[Data section]

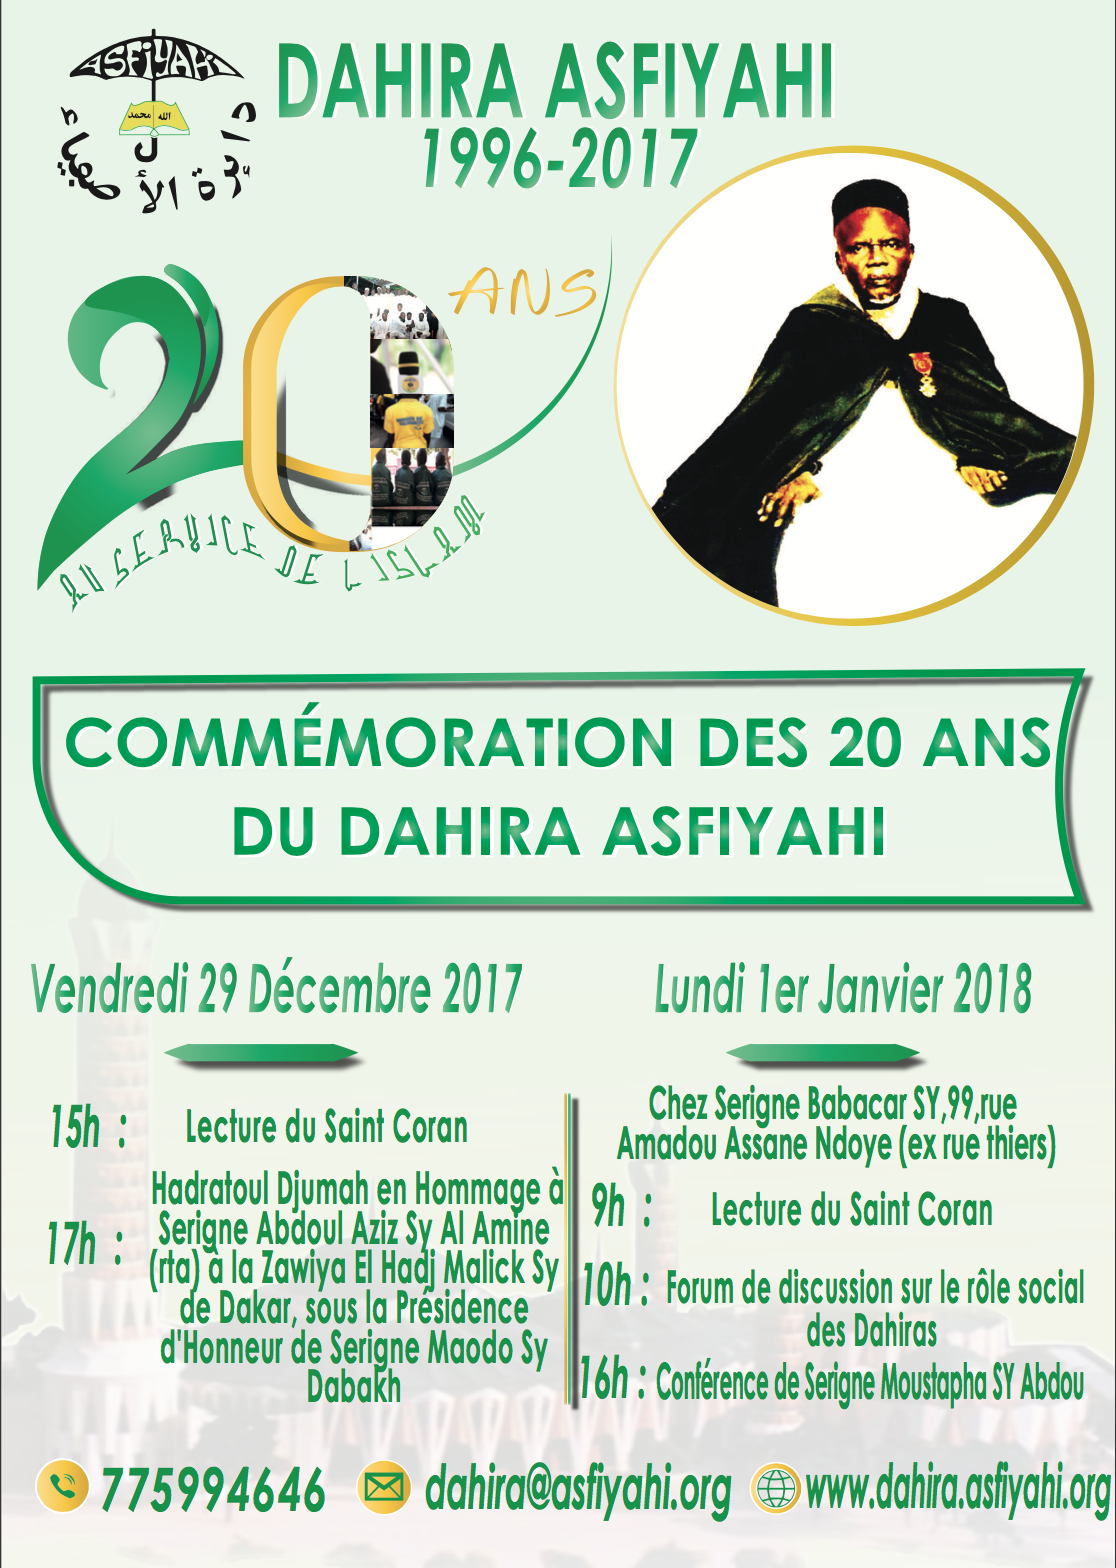 INVITATION - Commémoration des 20 ans du Dahiratoul Asfiyahi de Dakar Plateau: Lundi 1er Janvier 2018
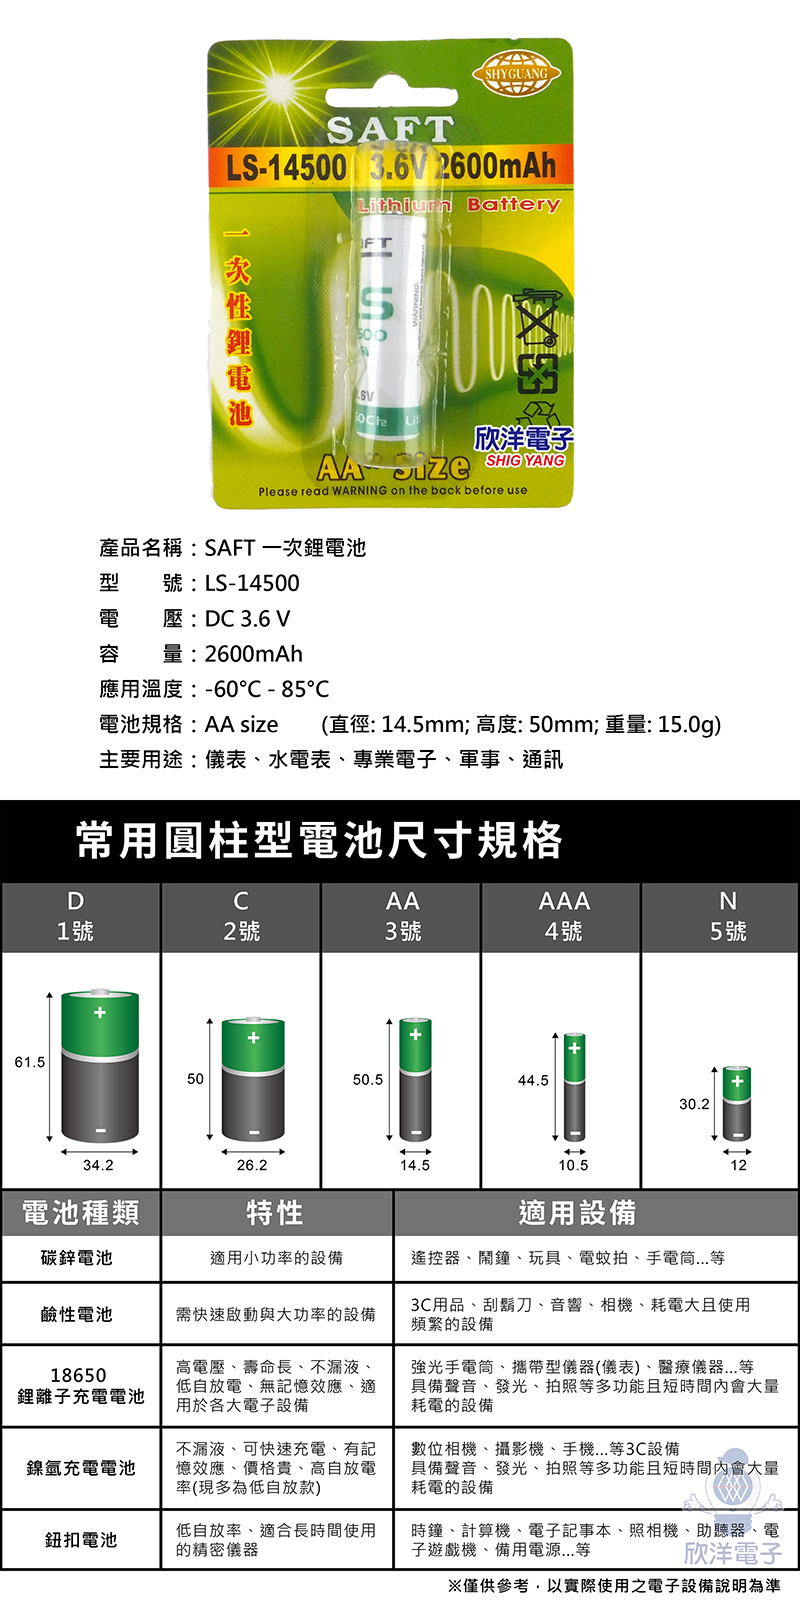 欣洋電子※ SAFT 特殊電池LS-14500一次性鋰電池3.6V 2600mAh(AA 3號電池
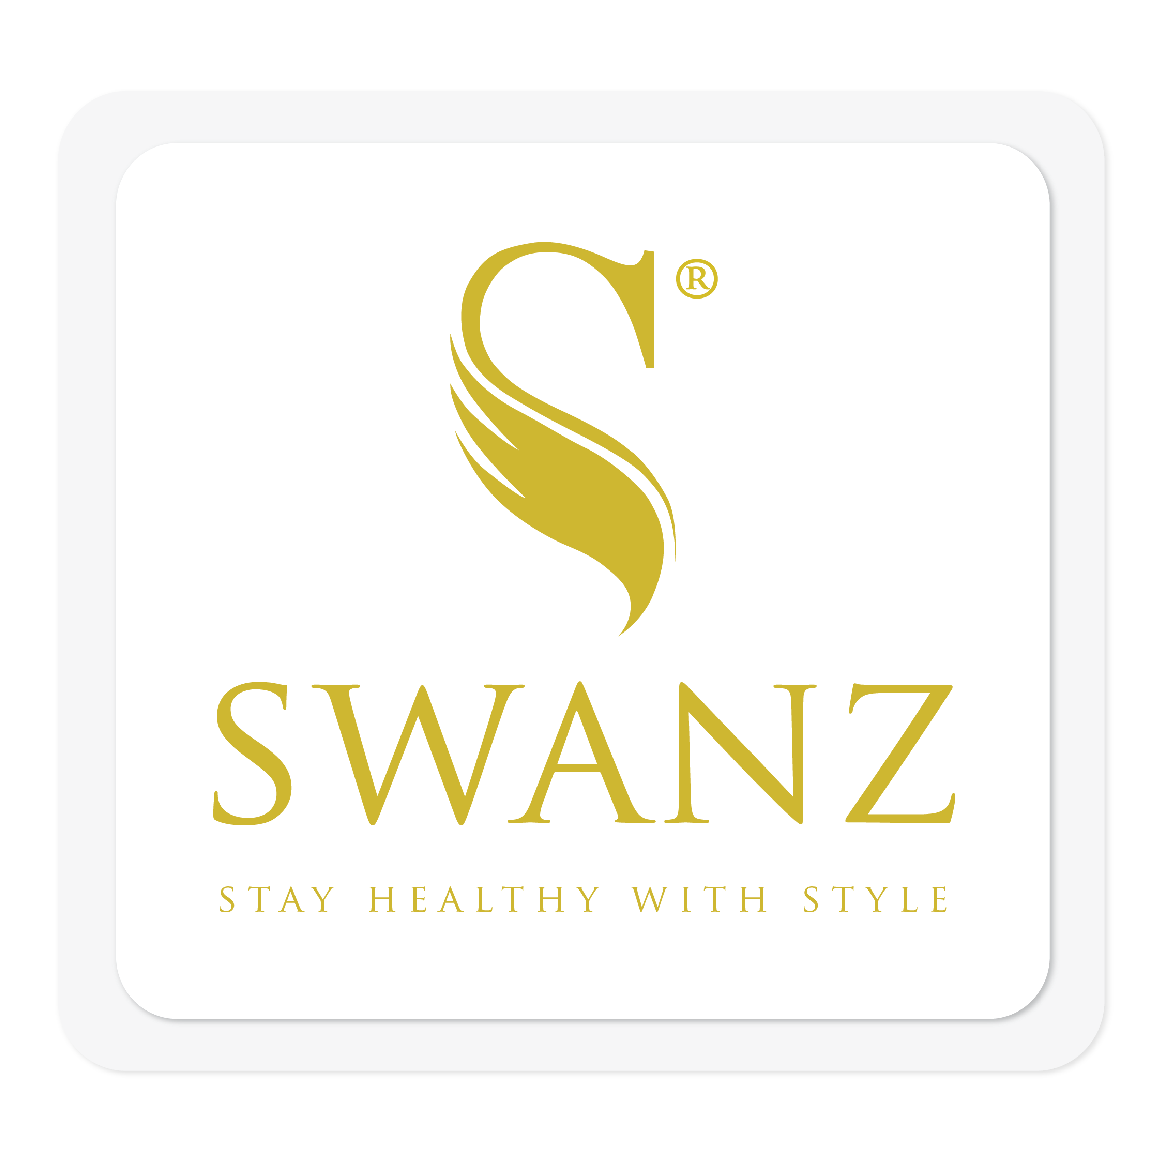 Swanz Brand

[/Data section]

Retype all the data exactly, please, without pictures.

Completed task:
 INVITATION - Commémoration des 20 ans du Dahiratoul Asfiyahi de Dakar Plateau: Lundi 1er Janvier 2018
 欣洋電子※ SAFT 特殊電池LS-14500一次性鋰電池3.6V 2600mAh(AA 3號電池
 Swanz Brand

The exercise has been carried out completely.